Reported: 2018-10-01 23:52 PDT by dewei_zhu
Modified: 2018-10-08 11:40 PDT (History)
2 users (show)

See Also:


Attachments
Patch (51.25 KB, patch)
2018-10-02 00:56 PDT, dewei_zhu
no flags Details | Formatted Diff | Diff
Patch (63.64 KB, patch)
2018-10-03 00:49 PDT, dewei_zhu
no flags Details | Formatted Diff | Diff
Patch (67.79 KB, patch)
2018-10-03 20:56 PDT, dewei_zhu
rniwa: review+
Details | Formatted Diff | Diff

Note You need to log in before you can comment on or make changes to this bug.
Description dewei_zhu 2018-10-01 23:52:24 PDT
Add retry for test groups with failed build requests.
Comment 1 dewei_zhu 2018-10-02 00:56:45 PDT
Created attachment 351353 [details]
Patch
Comment 2 Ryosuke Niwa 2018-10-02 01:34:24 PDT
Comment on attachment 351353 [details]
Patch

View in context: https://bugs.webkit.org/attachment.cgi?id=351353&action=review

> Websites/perf.webkit.org/ChangeLog:18
> +                ADD COLUMN testgroup_expected_successful_build_requests integer DEFAULT NULL,
> +                ADD COLUMN testgroup_may_need_additional_build_requests boolean DEFAULT FALSE;

These names are too long. How about just: testgroup_iteration_count & testgroup_may_need_more_requests.

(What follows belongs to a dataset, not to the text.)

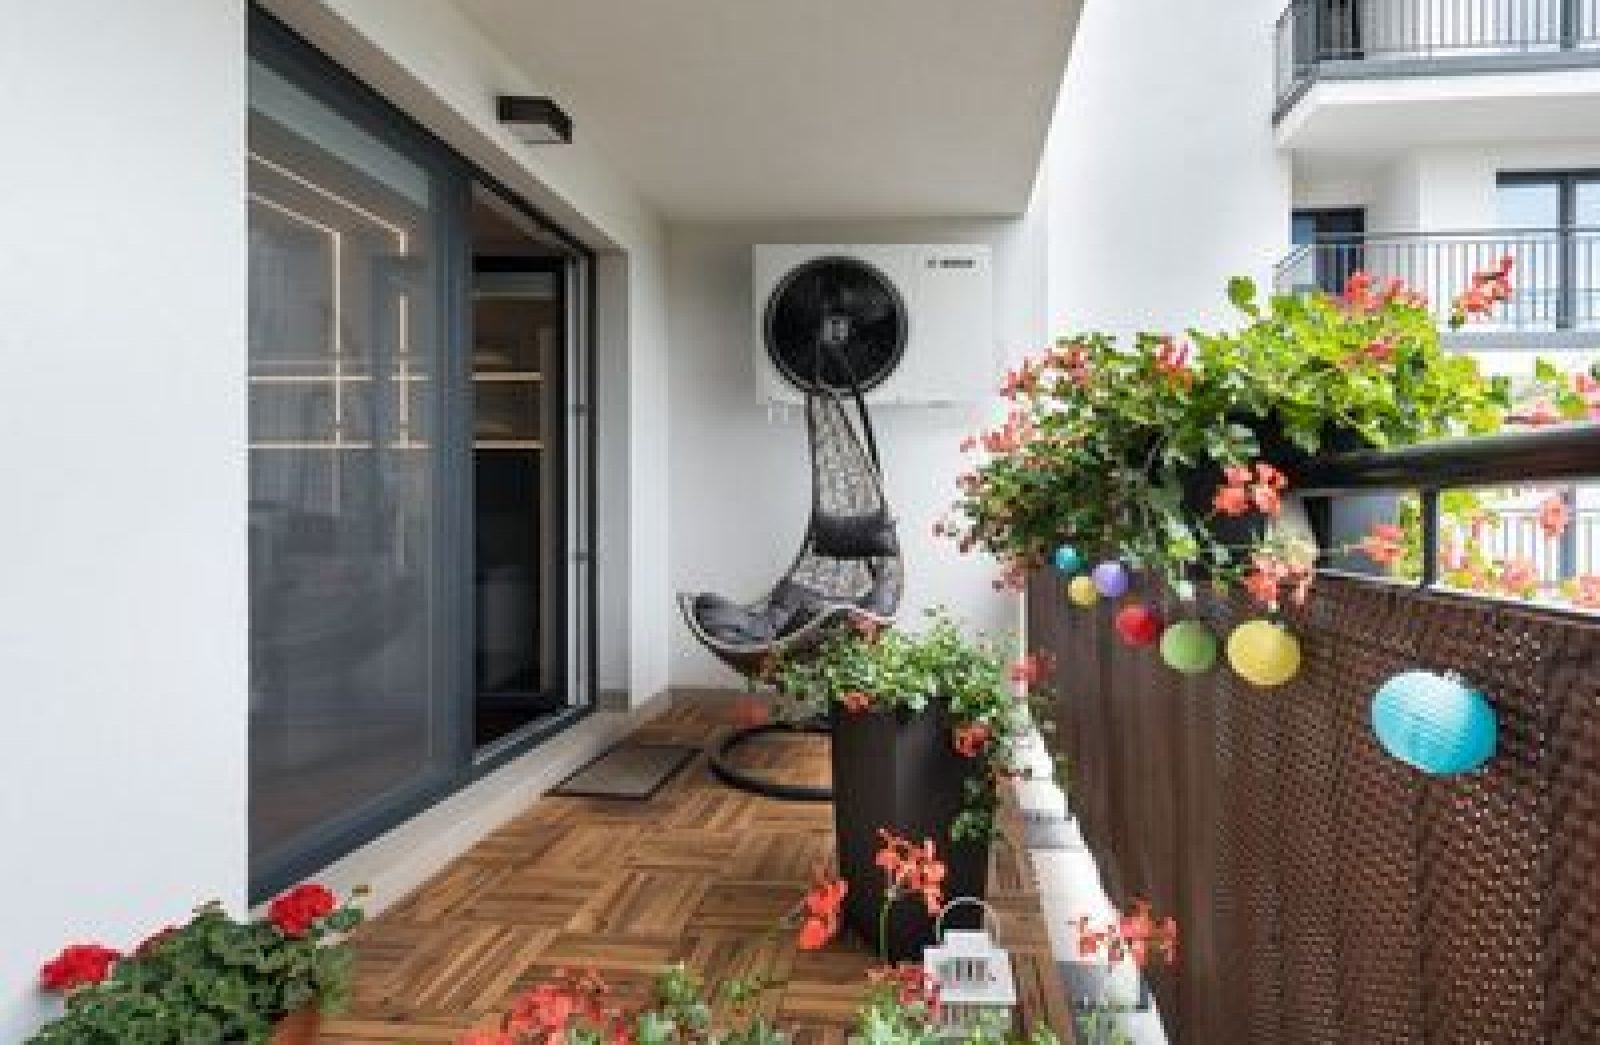 Home terrace with wooden floor and chair; Shutterstock ID 675585040

> Websites/perf.webkit.org/public/api/build-requests.php:77
> +    if (count($test_groups_may_need_additional_build_requests))
> +        $db->query('UPDATE analysis_test_groups SET testgroup_may_need_additional_build_requests = TRUE WHERE testgroup_id = ANY($1)',
> +            array('{' . implode(',', array_keys($test_groups_may_need_additional_build_requests)) . '}'));

I don't think we need to coerce queries like this.
Just issue a SQL query per build request.
We can certainly have a map which stores the set of test groups we've already set this flag.

> Websites/perf.webkit.org/public/api/test-groups.php:25
> -    } elseif ($path[0] == 'ready-for-notification') {
> +    } elseif ($path[0] == 'ready-for-further-processing') {

I think we should just add a new API surface instead of replacing an existing one.

> Websites/perf.webkit.org/public/privileged-api/update-test-group.php:19
> +        if (array_key_exists('name', $data) || array_key_exists('hidden', $data) || array_key_exists('mayNeedAdditionalBuildRequests', $data))
> +            exit_with_error('TooManyArgumentsProvided');

Why don't we add a new dedicated API instead?
I think that'd be cleaner than re-using this API and having restrictions like these.

> Websites/perf.webkit.org/public/privileged-api/update-test-group.php:28
>          $values['hidden'] = Database::to_database_boolean($data['hidden']);
> +        $values['may_need_additional_build_requests'] = FALSE;

I think we probably want another check at where we create build requests
that we haven't recently canceled this test group.

> Websites/perf.webkit.org/public/privileged-api/update-test-group.php:58
> +        for ($i = 0; $i < $additional_build_request_count; $i++) {
> +            $processed_commit_set = array();

Why don't we split the part to find the list of commit sets in this group into a separate helper function?

> Websites/perf.webkit.org/public/v3/models/test-group.js:14
> +        this._mayNeedAdditionalBuildRequests = object.mayNeedAdditionalBuildRequests;
> +        this._expectedSuccessfulBuildRequests = object.expectedSuccessfulBuildRequests;

Let's also shorten these names.

> Websites/perf.webkit.org/public/v3/models/test-group.js:231
> +    async addBuildRequests(buildRequestCount)

Just call it "count".

> Websites/perf.webkit.org/public/v3/models/test-group.js:239
> +    async clearNeedAdditionalBuildRequestsFlag()

No need to say "flag".

> Websites/perf.webkit.org/server-tests/resources/mock-data.js:67
> +    addMockData: function (db, statusList, needs_notification=true)

Use camelCase.

> Websites/perf.webkit.org/server-tests/resources/mock-data.js:82
> +            db.insert('analysis_test_groups', {id: 600, task: 500, name: 'some test group', expected_successful_build_requests: 4, needs_notification}),

Ditto here and elsewhere in this test.

> Websites/perf.webkit.org/tools/run-analysis.js:19
> +        {name: '--max-retry-ratio', type: parseFloat, default: 2.5},

Maybe even 3 might be okay.

> Websites/perf.webkit.org/tools/run-analysis.js:67
> +async function processTestGroupsNeedAdditionalBuildRequests(testGroups, maximumRetryRatio)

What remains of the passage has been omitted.